Сходя с лестницы, Бейль рассказывал Виктору Гюго свою биографию.
– Вы знаете, что я родился в Нувелле – маленькой деревушке около Нарбонны, совсем на берегу моря. Мой отец был одним из беднейших рыбаков побережья. Каждый раз, возвращаясь с улова, он заставлял меня раздеваться и швырял меня за борт за несколько миль от берега. Пока он возился со снастями, я должен был плыть, бежать домой предупредить мать, чтобы она успела приготовить горячий обед. Так я сделался прекрасным пловцом. Рекрутский набор вырвал меня из семьи. В Нувеллу я вернулся в тысяча восемьсот шестнадцатом году…

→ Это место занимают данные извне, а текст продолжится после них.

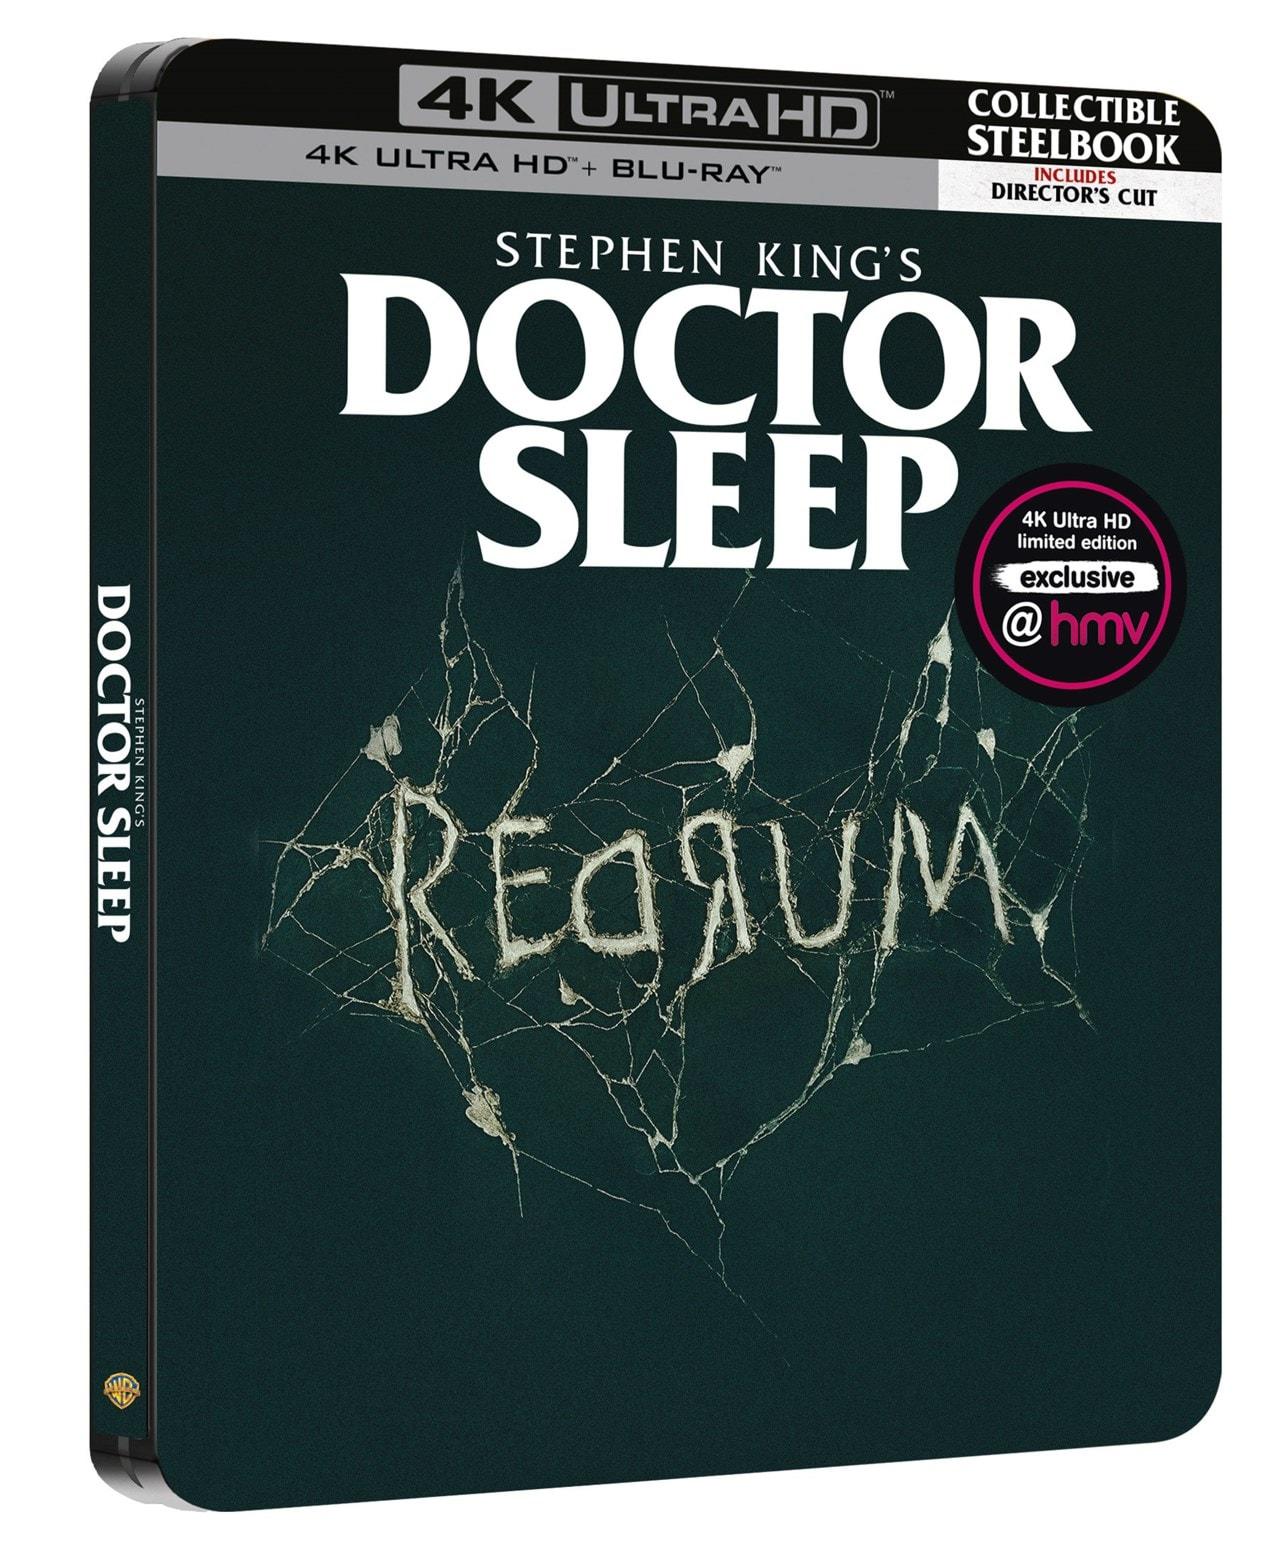 Doctor Sleep (hmv Exclusive) Limited Edition 3-Disc Director's Cut Steelbook - 2

Гюго с величайшей серьезностью и удивлением, не моргая, смотрел на Бейля. Спутники улыбались Бейль продолжал с невозмутимым видом:
– Я сделался богачом после смерти моего дядюшки в Английской Индии, – это меня спасло, так как, не найдя никого из родных в живых, я очутился было в довольно печальном положении в Париже. В тот самый день, когда я узнал о своем богатстве, я прогуливался по берегу Сены около Иенского моста. Со стороны Марсова поля дул сильный ветер; Сена бурлила, как море. Я увидел на реке лодку, нагруженную песком, которая тщетно старалась причалить к набережной Боном, и вдруг она опрокинулась. Лодочник стал кричать о помощи. Я шел по берегу и думал: «Мне сорок семь лет, в прошлом году у меня был ревматизм, я лежал в военной больнице, и ни одна собака обо мне не подумала. Стоит ли кидаться в воду, чтобы спасти этого человека? Нахал, прежде чем опускаться в воду, должен научиться плавать». Но человек продолжал кричать. Я спокойно отошел от берега. Те же крики. Я удвоил шаги. «Черт тебя побери, – думал я, – если я отойду, этот крик будет раздаваться в ушах всю жизнь. Но если я полезу в воду и вытащу этого дурака, кто навестит меня потом, когда я буду лежать в ревматизме и шесть недель тоскливо смотреть в потолок над кроватью? Нет, черт с ним, пускай тонет. Надо учиться плавать, прежде чем садиться в лодку». Сказав это себе, я без размышлений направился к военной школе. Крики затихли, и вдруг я ясно услышал у себя над ухом слова: «Лейтенант Луо, вы – подлец!»
– Но при чем же тут лейтенант Луо – спросил Бальзак. – Ведь этот случай был с вами?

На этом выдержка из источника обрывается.